→ **Activity**: Restate word for word the lines of the material below, from the line with "Chalets Charlevoix 2019" to the line with "Inimesed ajakirjaniku Anna", both lines included, and no others.

→ **Record set**:
· · ·

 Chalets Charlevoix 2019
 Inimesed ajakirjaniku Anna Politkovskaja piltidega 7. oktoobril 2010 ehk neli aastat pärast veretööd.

· · ·

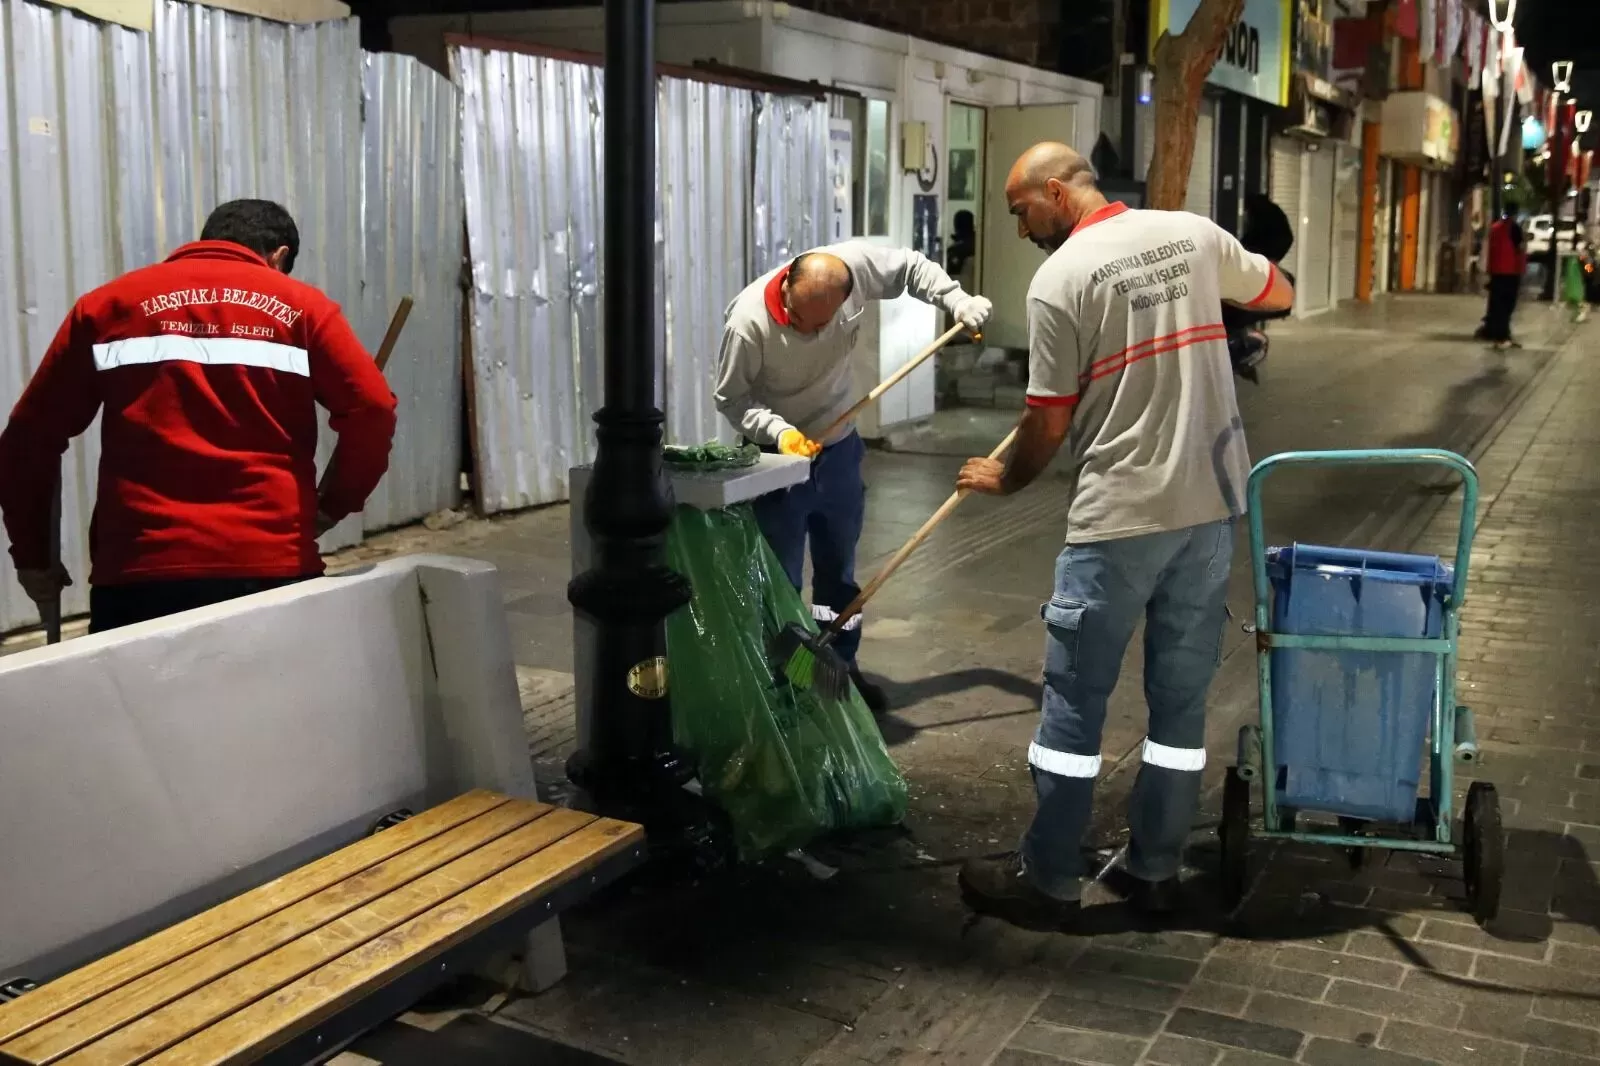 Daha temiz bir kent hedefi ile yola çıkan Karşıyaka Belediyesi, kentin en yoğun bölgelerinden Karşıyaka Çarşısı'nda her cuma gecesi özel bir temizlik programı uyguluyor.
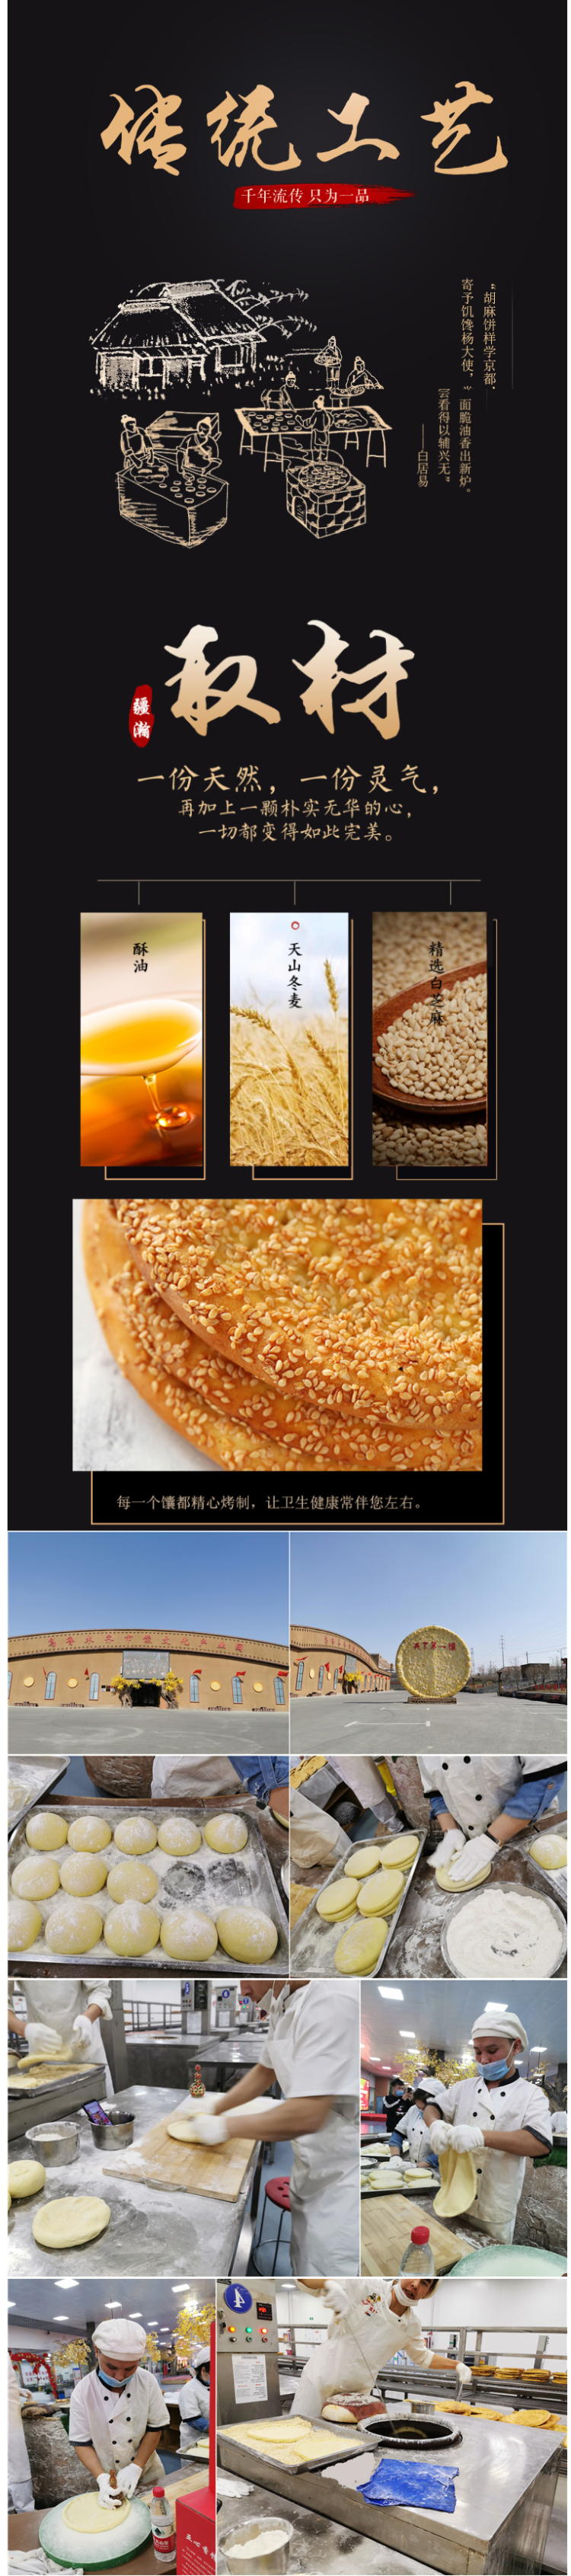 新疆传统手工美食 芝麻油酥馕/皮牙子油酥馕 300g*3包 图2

· · ·

→ **Worked solution**:
 Chalets Charlevoix 2019
 Inimesed ajakirjaniku Anna Politkovskaja piltidega 7. oktoobril 2010 ehk neli aastat pärast veretööd.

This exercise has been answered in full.